Я знал, что никогда не забуду миг, когда упрямый мальчишка бездумно полез вперед, пытаясь принять смерть вместо меня. Как не забуду равнодушного взгляда, которым его, самоубийцу, одарила стоящая напротив меня нелюдь.
Нелюдь… Кажется, только сейчас я начал осознавать истинный смысл этого слова. И, глядя на одинокую капельку крови, навеки застывшую на щеке убитого мальчишки, вдруг ощутил, что не смогу уйти. Не смогу забыть, отмахнуться и спокойно жить дальше. Нардис, сам того не ведая, сумел сделать для меня нечто очень ценное. Привязавшись ко мне, он в каком-то смысле сумел привязать и меня. Люди… Они ведь не зря так настойчиво тянутся друг к другу. Поэтому сейчас, когда эту связь оборвали, а то, что она дарила, безвозвратно ушло, я в полной мере ощутил, что потерял нечто крайне важное. То, что уже никогда не смогу вернуть.

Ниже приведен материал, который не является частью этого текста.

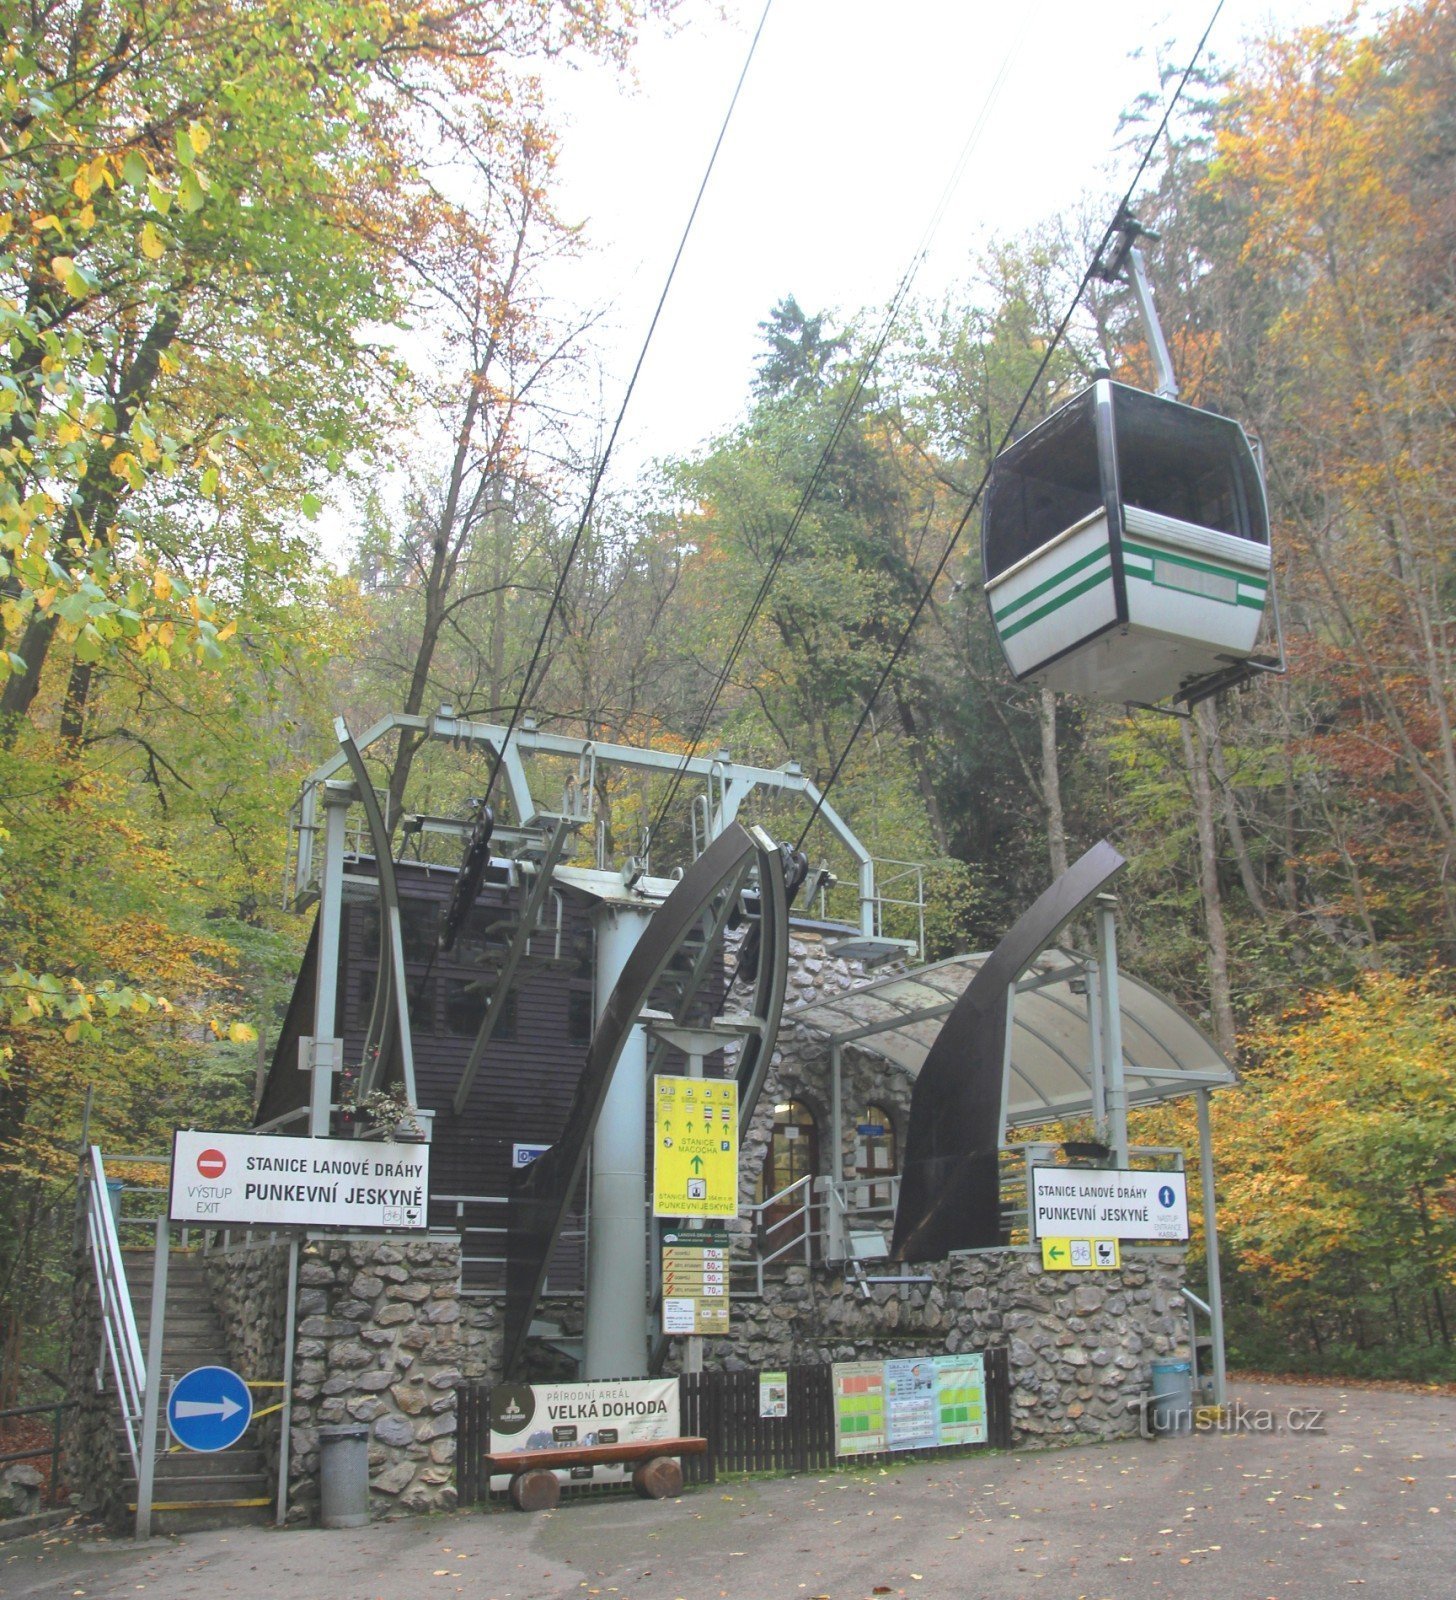 Lower cable car station
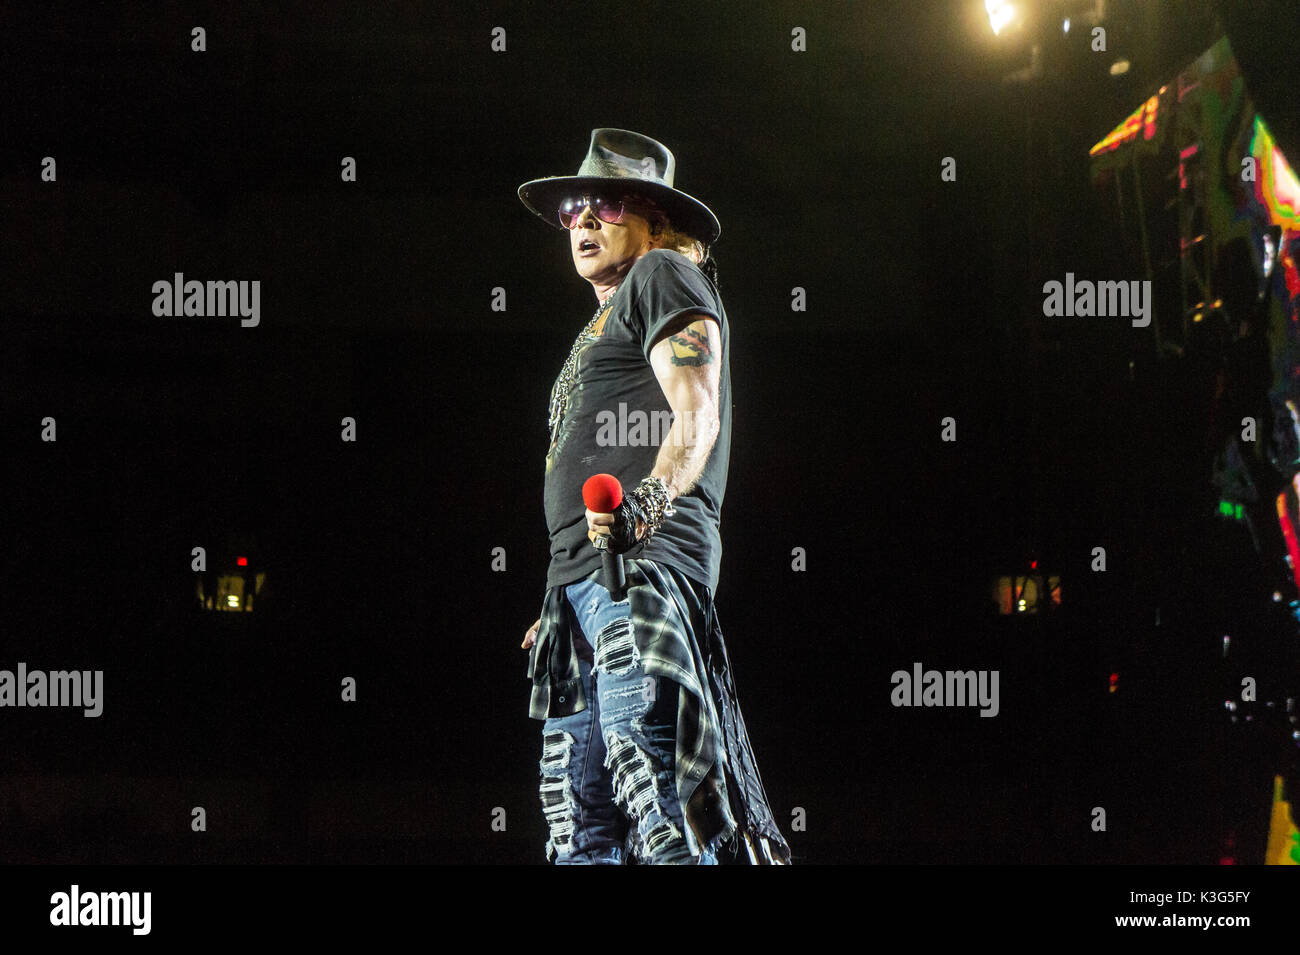 Vancouver, CANADA. 1st Sep, 2017. American rock band Guns N' Roses performing during their 'Not In This Lifetime' tour at BC Place Stadium in Vancouver, BC, CANADA. Credit: Jamie Taylor/Alamy Live News. Stock Photo

От последней мысли мне стало неуютно.
Никогда – это ведь даже не вечность. Никогда – это уже насовсем, потому что Нардиса мне никто не заменит. И на его место никто не придет.
Когда до меня дошла эта нехитрая истина, мое сожаление выросло на порядок и стало настолько острым, почти болезненным, что его захотелось высказать, выплеснуть, избавиться от него, как от вещи, которая когда-то была дорога, но теперь стала ненужной.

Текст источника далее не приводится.